After looking at the code thoroughly, I think this warning is just another symptom, but not the cause of the troubles we see.

JanZerebecki added a comment.EditedAug 8 2015, 3:04 AM
[wikidatawiki]> select change_id, change_object_id, change_revision_id from wb_changes where LENGTH(change_info) > 65500 ;
+-----------+------------------+--------------------+
| change_id | change_object_id | change_revision_id |
+-----------+------------------+--------------------+
| 236998945 | q18041912        |          238873453 |
| 236999268 | q18053093        |          238873799 |
| 237059314 | q18041912        |          238934794 |
| 237059627 | q18053093        |          238935101 |
| 237356029 | q18046547        |          239234465 |
| 237364868 | q18040739        |          239243336 |
| 237367810 | q18031289        |          239246278 |
| 237368198 | q18025144        |          239246669 |
| 237369087 | q18031463        |          239247560 |
| 237369294 | q18036434        |          239247768 |                                                                                                                                                                                                                          
| 237369539 | q18040217        |          239248014 |                                                                                                                                                                                                                          
| 237373627 | q18025214        |          239252120 |                                                                                                                                                                                                                          
+-----------+------------------+--------------------+                                                                                                                                                                                                                          
12 rows in set (5.96 sec)
hoo lowered the priority of this task from Unbreak Now! to High.Aug 8 2015, 10:46 AM

We hit these problems again, although the workaround for this bug is in place.
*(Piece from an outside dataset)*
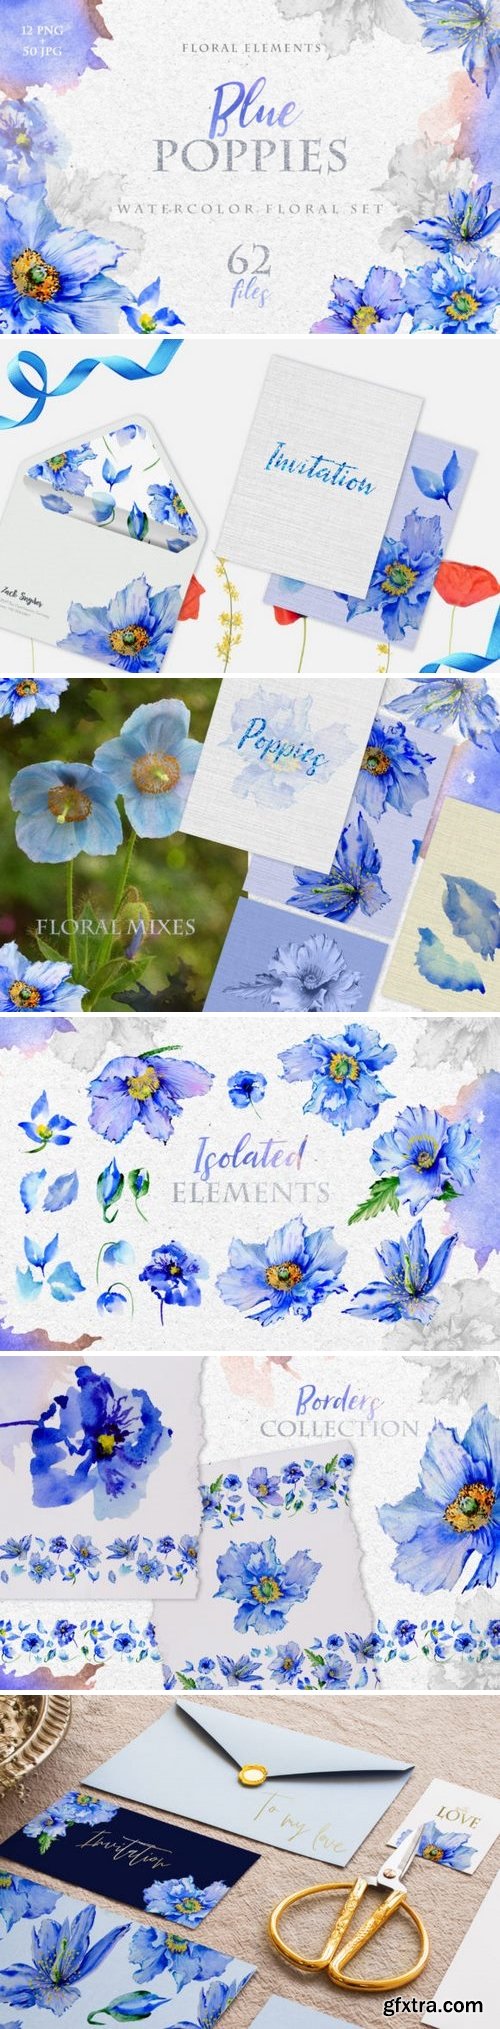 CM - Blue Poppies Watercolor png 3319870

Jonas renamed this task from "Warning: array_key_exists() expects parameter 2 to be array, null given" in the change dispatcher to [Bug] "Warning: array_key_exists() expects parameter 2 to be array, null given" in the change dispatcher.Aug 13 2015, 1:57 PM

proposed fix:

  • If the diff is too large, remove it from the info blob.
  • When no stored diff is found, re-calculate it on the fly, based on revision ids.

Are you suggesting that instead of increasing the column?

I'm not sure how this is related, but https://gerrit.wikimedia.org/r/#/c/232263/ (accidentally linked to T108246: [Task] Enlarge wb_changes.change_info) is already merged and should fix this.

JanZerebecki closed this task as Resolved.Aug 21 2015, 3:45 PM
JanZerebecki claimed this task.
JanZerebecki moved this task from Doing to Done on the Wikidata-Sprint-2015-08-18 board.